Dataset:
***

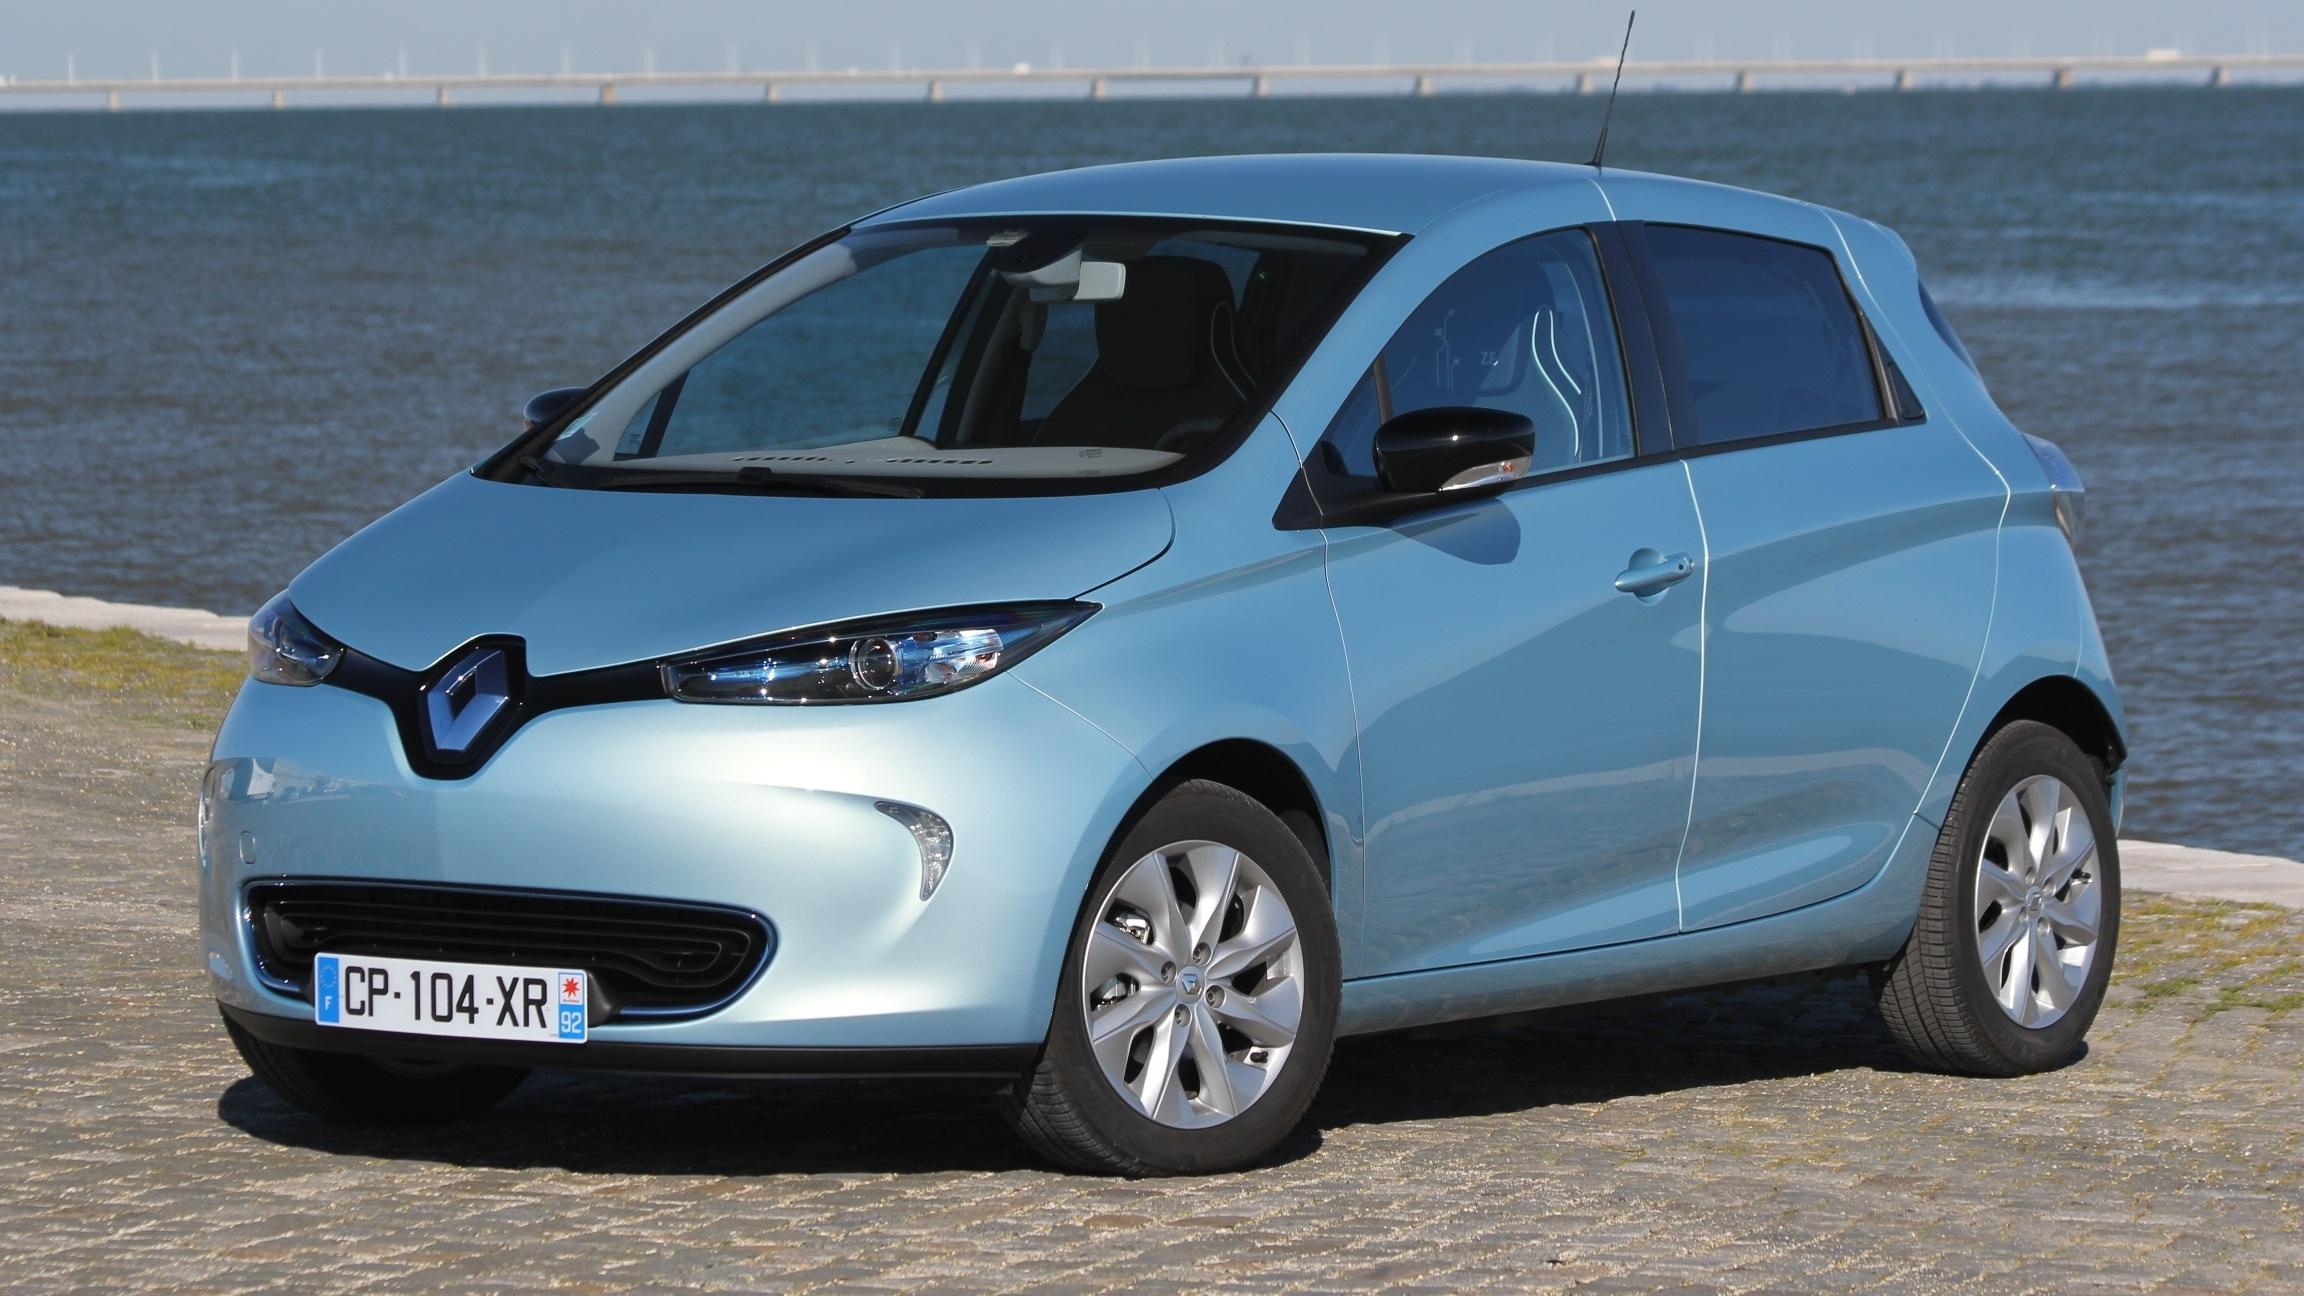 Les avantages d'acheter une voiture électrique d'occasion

***

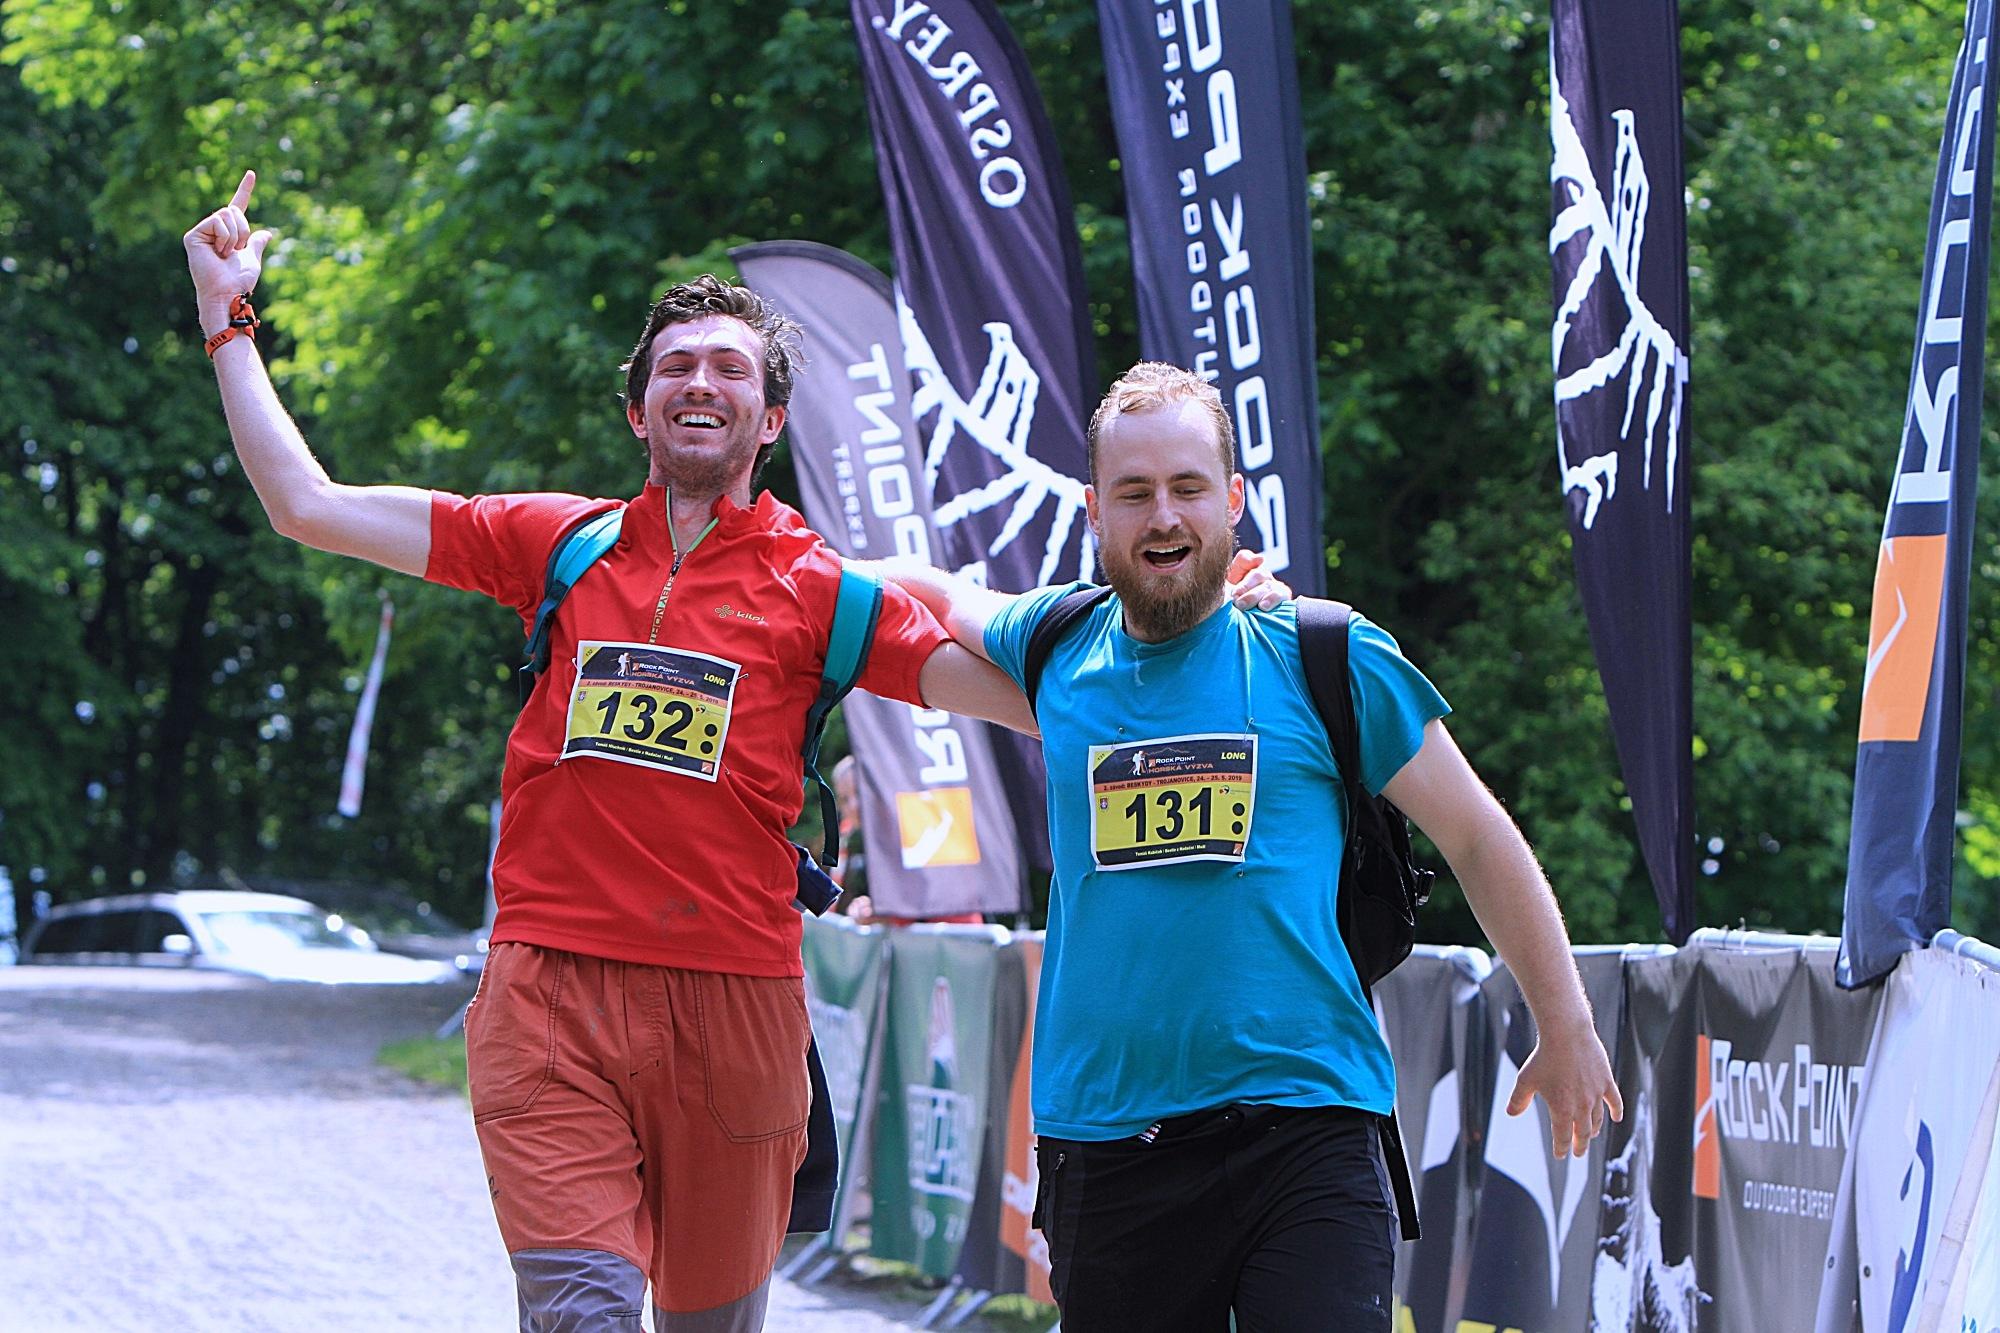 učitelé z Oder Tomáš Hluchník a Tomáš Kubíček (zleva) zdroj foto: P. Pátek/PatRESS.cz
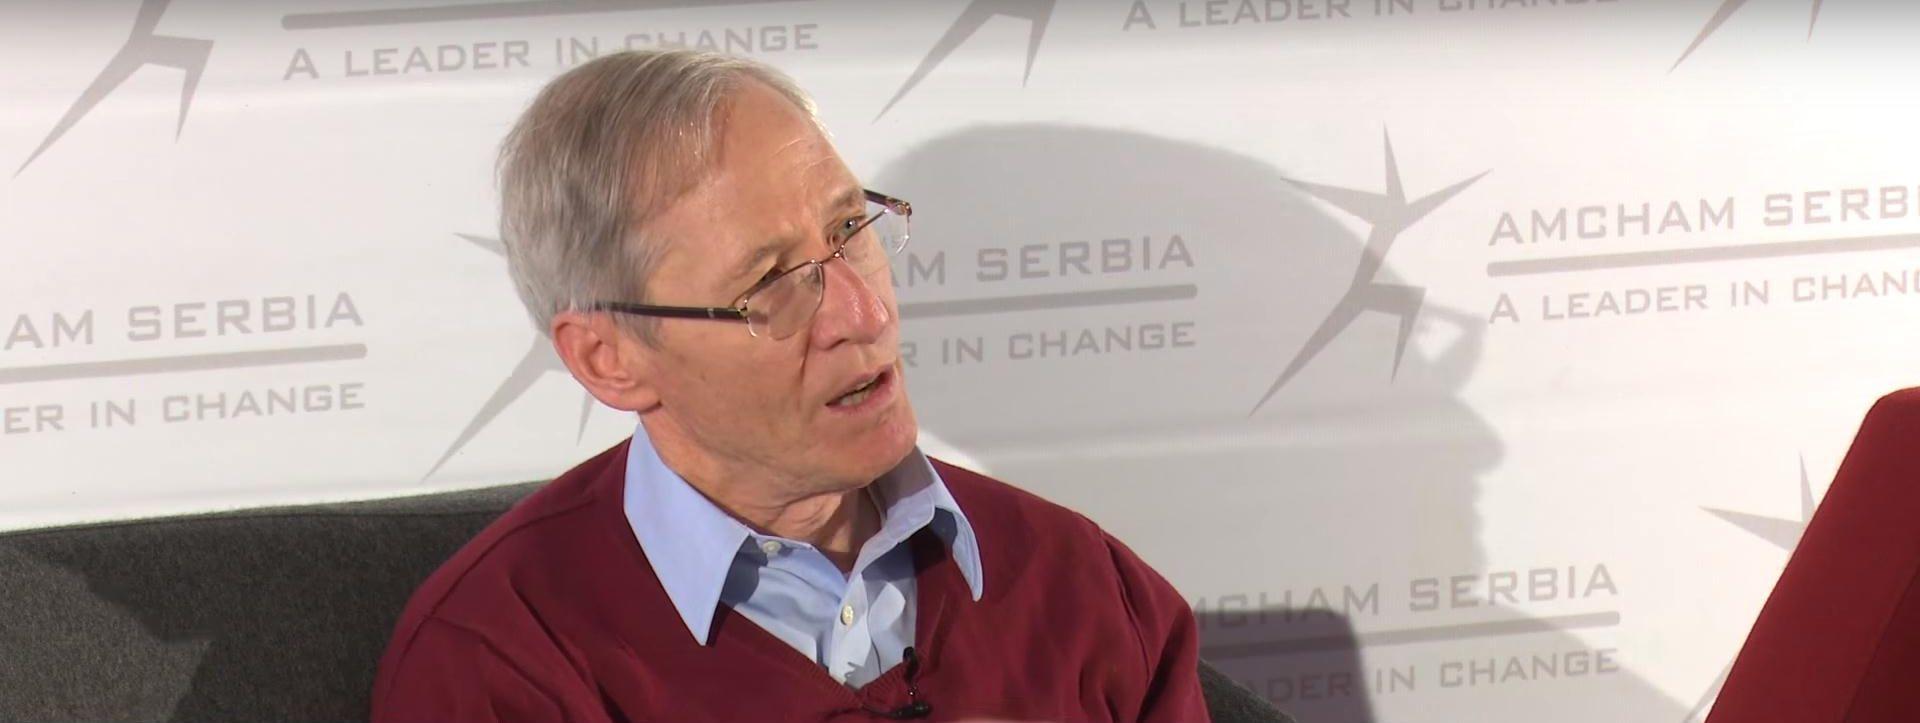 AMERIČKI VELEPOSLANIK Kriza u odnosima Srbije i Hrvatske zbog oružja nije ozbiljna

***

Transcribe, from the material above, the stretch starting at the line with "učitelé z Oder" and ending at the line with "AMERIČKI VELEPOSLANIK Kriza", both included, exactly. Do not carry over pictures.

Written answer:
 učitelé z Oder Tomáš Hluchník a Tomáš Kubíček (zleva) zdroj foto: P. Pátek/PatRESS.cz
 AMERIČKI VELEPOSLANIK Kriza u odnosima Srbije i Hrvatske zbog oružja nije ozbiljna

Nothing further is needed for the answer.